N = 139 participants enrolled in a physics class for elementary education majors participated in the study. In a pre/post-test design, we asked participants to complete the DIRECT (Determining and Interpreting Resistive Electric Circuit Concepts Test) assessment at the beginning and at the end of an instructional unit on DC electric circuits. DIRECT was developed by Engelhardt and Beichner (2004) for assessing conceptual understanding of circuits. DIRECT has 29 multiple choice items on it. There is only one correct answer to each item. It usually took students ∼30 min to complete. After each test (pre- and post-test), we administered this CL survey individually. Presumably, participants had low knowledge level of the relevant concepts at the beginning of the instructional unit (as confirmed by their performance on the test); and they had higher knowledge level of the relevant material by the end of the instructional unit (again, confirmed by their performance on the test).

To validate the CL survey that has three underlying components, a principal component analysis (PCA) was conducted for the two sets (pre and post) of data using IBM SPSS version 24 software. PCA analysis was used since we are exploring how many components the 8 items of the CL survey would load on to. As such, PCA is a proper analysis. The results of the PCA are shown in Table 2 and Table 3.

TABLE 2

Table 2. Means (SD), skewness, kurtosis, and components loadings for study one (pre-test).

TABLE 3

Table 3. Means (SD), skewness, kurtosis, and components loadings for study one (post-test).

Results of Experiment Two

For the CL survey results collected after participants had completed the DIRECT pre-test, there were no outliers or extreme skewness or kurtosis, as well as sufficient inter-item correlation; KMO (Kaiser-Meyer-Olkin test) = 0.839, Bartlett’s χ²₍₂₈₎ = 481.779, p < 0.001. A high value of KMO indicates the data is suitable for a factor analysis; Bartlett’s test of sphericity indicates the data is suitable for a factor analysis when the test achieves significance level (0.05). Both KMO and Bartlett tests indicated the data collected were fit for a PCA analysis. KMO is measure of sampling adequacy. Given the small sample size, a PCA was conducted. Varimax rotation was performed to investigate the correlational nature of the underlying components. When, eigenvalue one was used as criteria for determining the number of underlying components, a two-component model emerged with 68% of the variation explained by the two components. Items 1–6 are loaded to the first component and items 7–8 are loaded to the second component. This seems to support the idea that when participants do not have high knowledge level, they could not differentiate ICL from ECL as suggested by CLT (Sweller, 2010). Reliability analysis for the six components loaded to the same construct revealed Cronbach’s alpha values of 0.874 for Items 1, 2, 3, 4, 5, 6 (1, 2, 3 are expected to measure ICL; 4, 5, 6 are expected to measure ECL); and 0.782 for Items 7, 8 (expected to measure GCL).

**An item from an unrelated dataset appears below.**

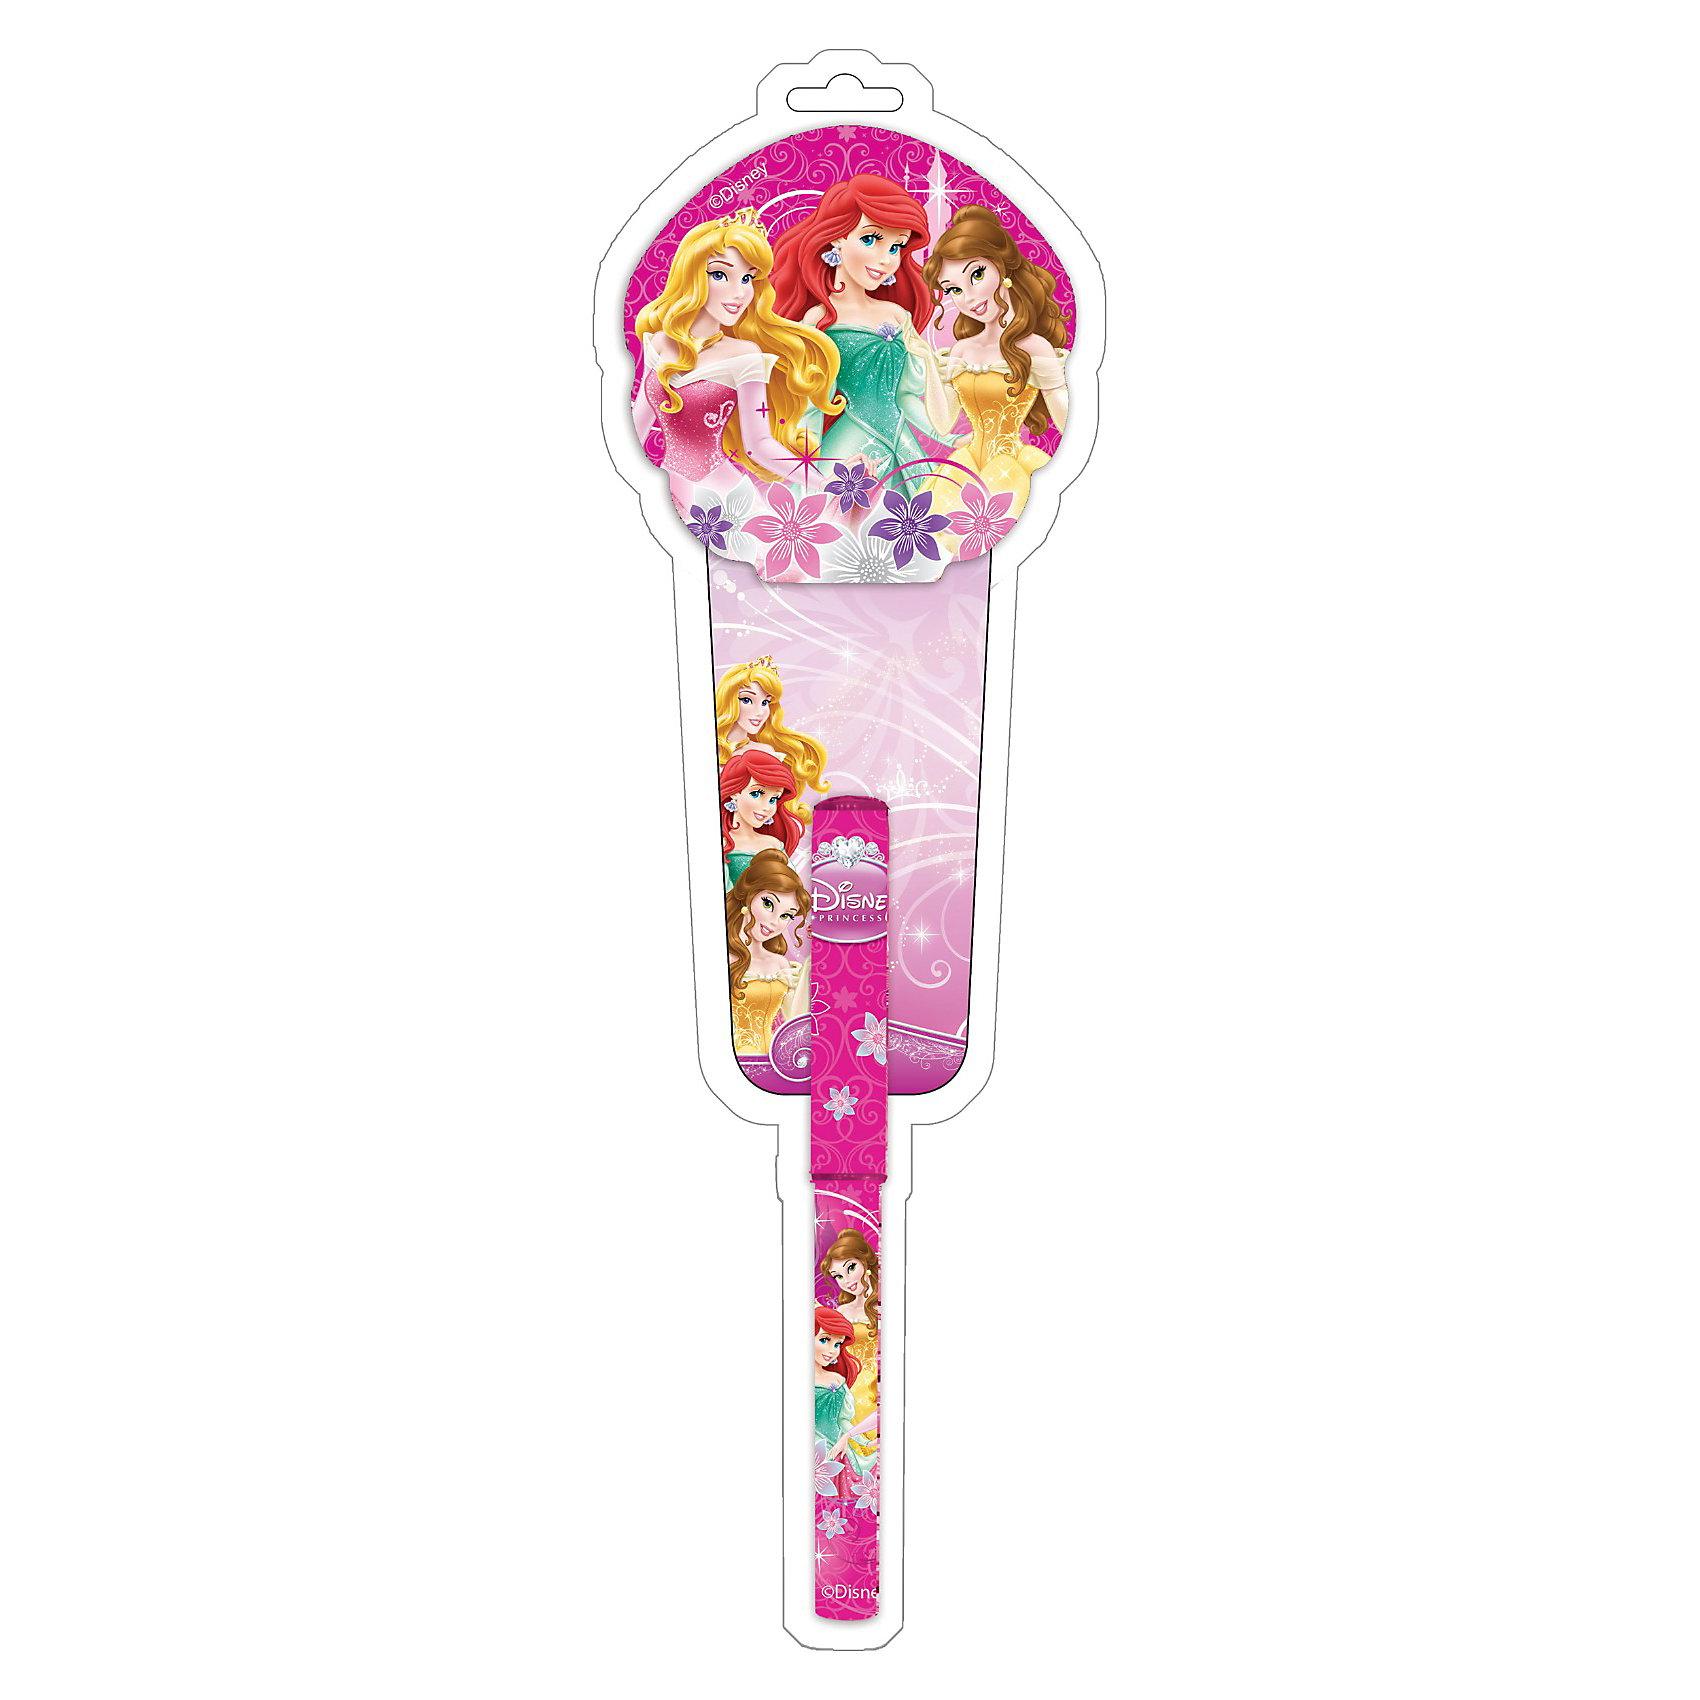 Канцелярский набор: блокнот, ручка, Принцессы ДиснейКанцелярский набор Disney Princess (Принцессы Диснея) порадует всех юных поклонниц диснеевских сказок. В комплект входят блокнот и ручка. Все предметы украшены<br>изображениями принцесс из диснеевских мультфильмов.<br><br>Дополнительная информация:<br><br>- Размер: 27 х 9,5 х 2 см.<br><br>Канцелярский набор Disney Princess можно купить в нашем интернет-магазине.<br><br>Ширина мм: 270<br>Глубина мм: 95<br>Высота мм: 20<br>Вес г: 300<br>Возраст от месяцев: 48<br>Возраст до месяцев: 84<br>Пол: Женский<br>Возраст: Детский<br>SKU: 3563431

For the CL survey results collected after participants had completed the DIRECT post-test, there were no outliers or extreme skewness or kurtosis, as well as sufficient inter-item correlation; KMO = 0.708, Bartlett’s χ²₍₂₈₎ = 496.201, p < 0.001. Both KMO and Bartlett tests indicated the data collected were fit for a PCA analysis. Given the small sample size, a PCA was conducted. Varimax rotation was performed to investigate the correlational nature of the underlying components. When, eigenvalue 1 was used as criteria for determining the number of underlying components, a three-component model emerged with 77% of the variation explained by the three-components. Items 1, 2, and 3 are loaded to the first component; items 4, 5, and 6 are loaded to the second component; items 7, and 8 are loaded to the third component. This provides evidence that when participants have high knowledge level (as on the post-test), they could differentiate ICL from ECL as suggested by CLT (Sweller, 2010). Reliability analysis for the three-components revealed Cronbach’s alpha values of 0.816 for Items 1, 2, 3 (1, 2, 3 are expected to measure ICL); and 0.763 for 4, 5, 6 (4, 5, 6 are expected to measure ECL); and 0.687 for Items 7, 8 (expected to measure GCL).